The visualizations revealed that in 2019 use of force incidents, the majority of the police involved were white and male. The majority of citizens against whom force was used were black and male. Police used force more often against black females than against white females, but far more often against black males than black females. That plot also indicated that police used force against white males more often than against black females. After a speaker at the Town Hall event discussed how she had not had unpleasant interactions with police until she had sons, I was interested in seeing the relationship between race and sex. This data does show that black men are more likely to be involved in use of force incidents. Not surprisingly, given that more white officers used force in general, the race of the officers who most often used force against black citizens was white.

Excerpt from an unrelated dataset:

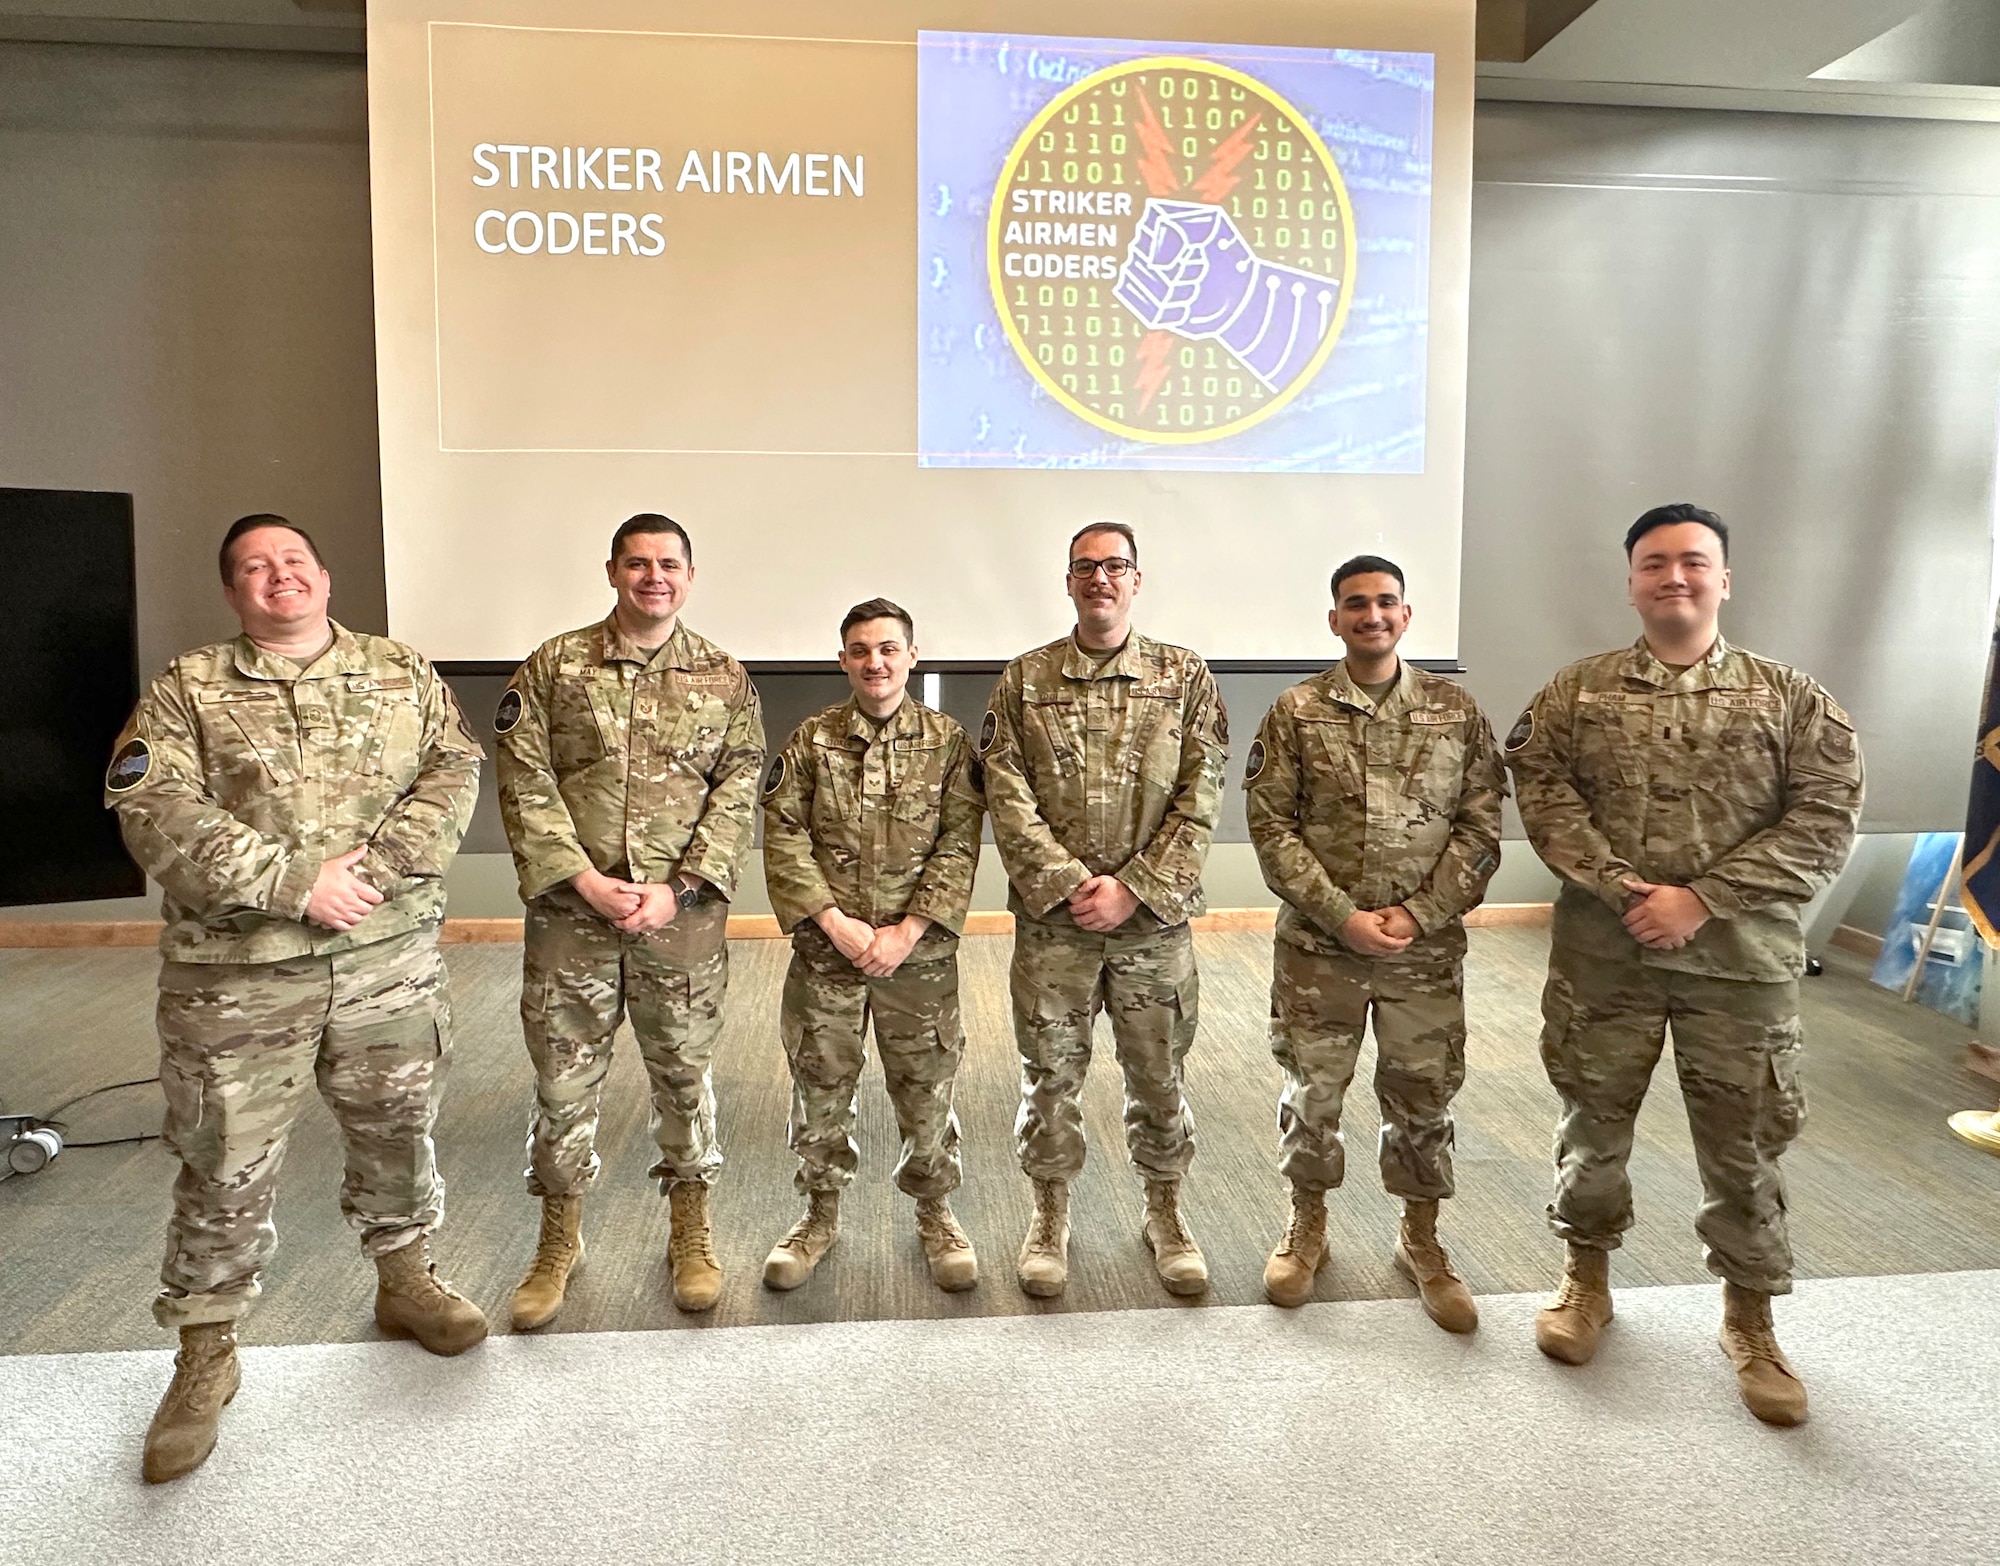 Airmen from various units belonging to Air Force Global Strike Command pose for a photo after graduating from the command’s Striker Airmen Coder program in Bossier City, Louisiana, on March 12, 2024. The team was the sixth cohort of Airmen to finish the six-month program, administered by the Cyber Innovation Center through a partnership intermediary agreement with AFGSC, that is aimed at training Airmen in software development, data analytics and other essential coding skill; equipping them to innovate and efficiently solve technical problems in their own units. (U.S. Air Force photo by Sean Green)
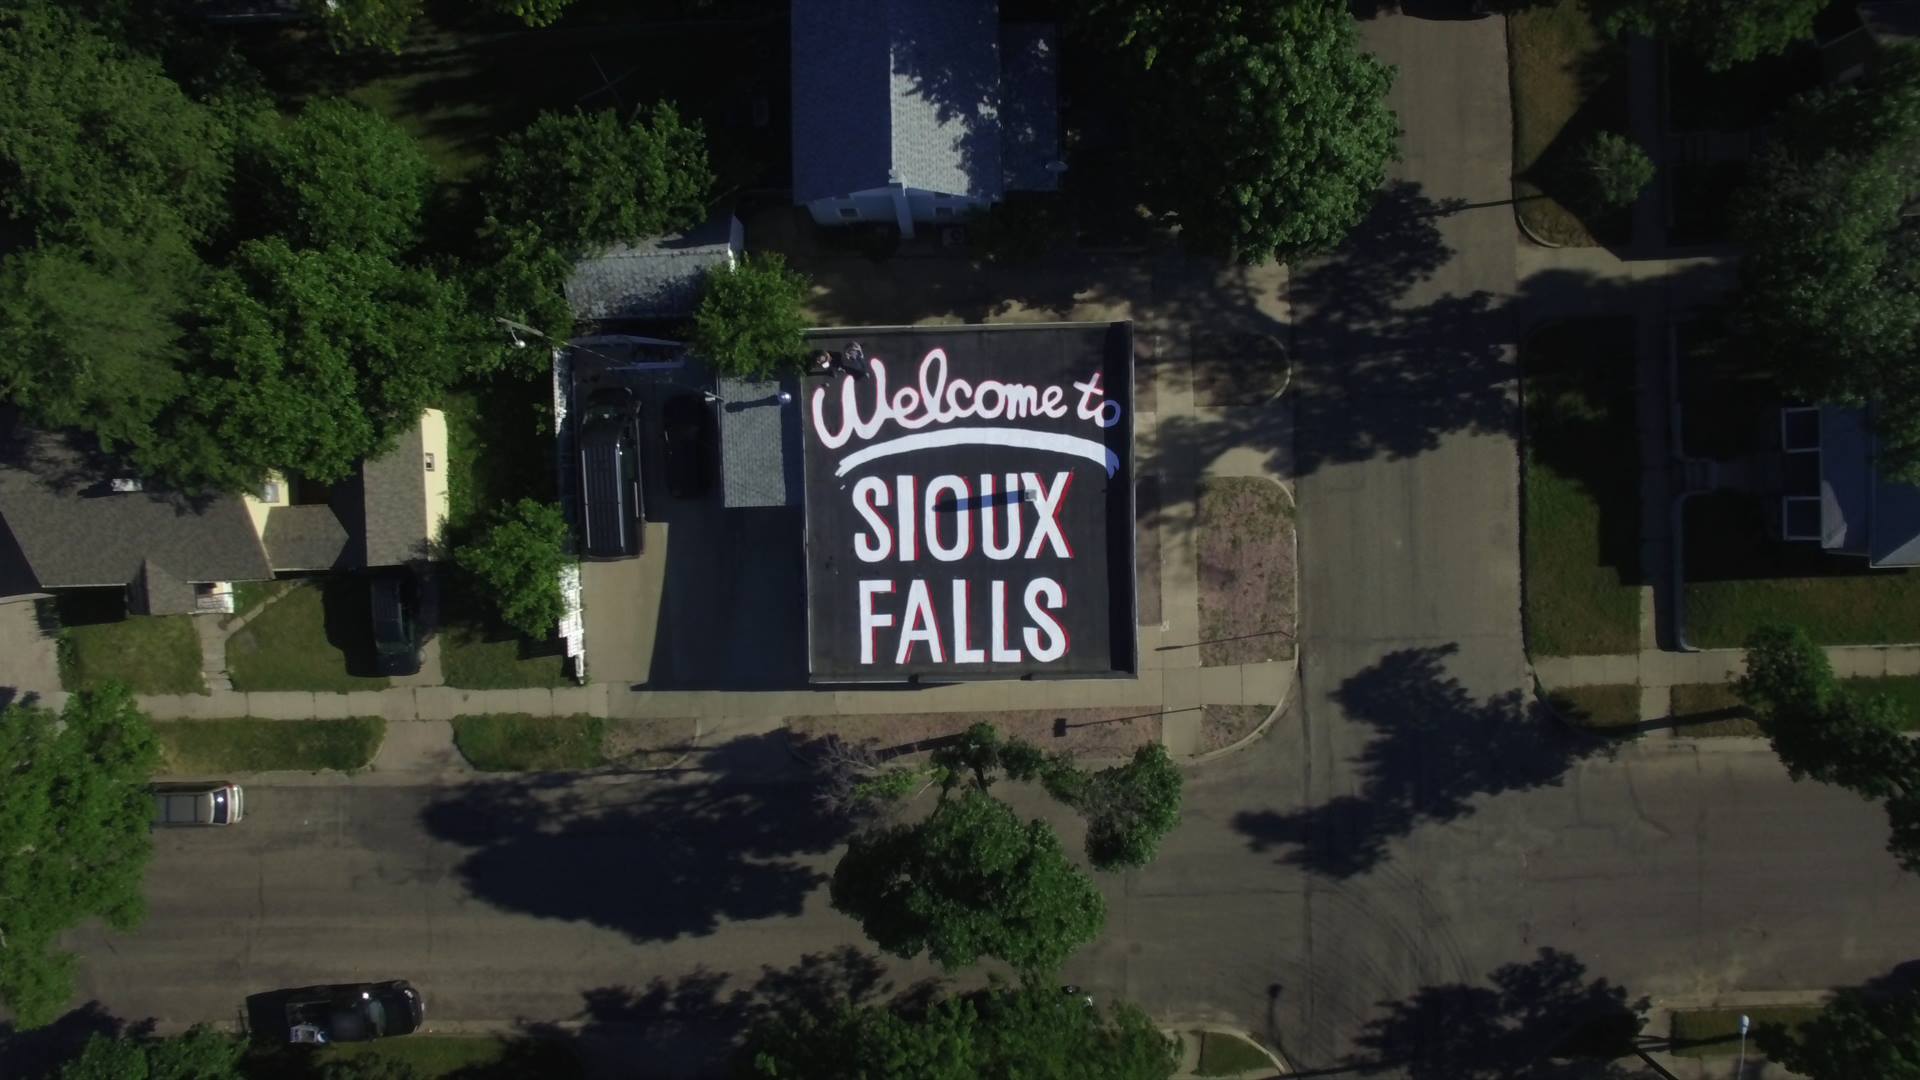 Welcome to Sioux Falls

Black officers also used force more often against black citizens than against white citizens.
Most uses of force did not result in injury. Blacks were most common among those injured. Blacks were most common among those not injured as well. This is a function of most uses of force being against black people in 2019. Most injuries appeared to be relatively minor (abrasions, bruises), though there was no variable indicating whether or not the citizen was hospitalized. (There was a variable indicating whether or not the officer was hospitalized.) Six citizens were shot in a use of force incident in 2019 in Dallas. The bar plot of those injuries reveals they were all black males. Another bar plot showed that all of the officers involved were male; three were white, one black, one asian, and one hispanic. Black men were also more likely to suffer from taser burns, and white officers were most likely to do the tasing.
The barplot of hire dates of the officers involved in uses of force does not reveal anything particularly interesting. I hoped it would show something about the experience level of the officers, but they seem fairly distributed between recent and earlier hires. Adding the fill of race, however, does raise more questions, especially about the earlier hires who were predominantly white.
While this data provided a great deal of interesting information, it left a large number of questions unanswered. What is the demographic breakdown of the Dallas police department in general, and of the Dallas population in general? For example, are the officers involved in use of force incidents proportional to the police department population, or are white male police officers more likely to be involved in use of force incidents. Similarly, how does the population of citizens against whom force is used compare with the population in general? If we knew that information, we would have a better idea if black men are disproportionately faced with police force.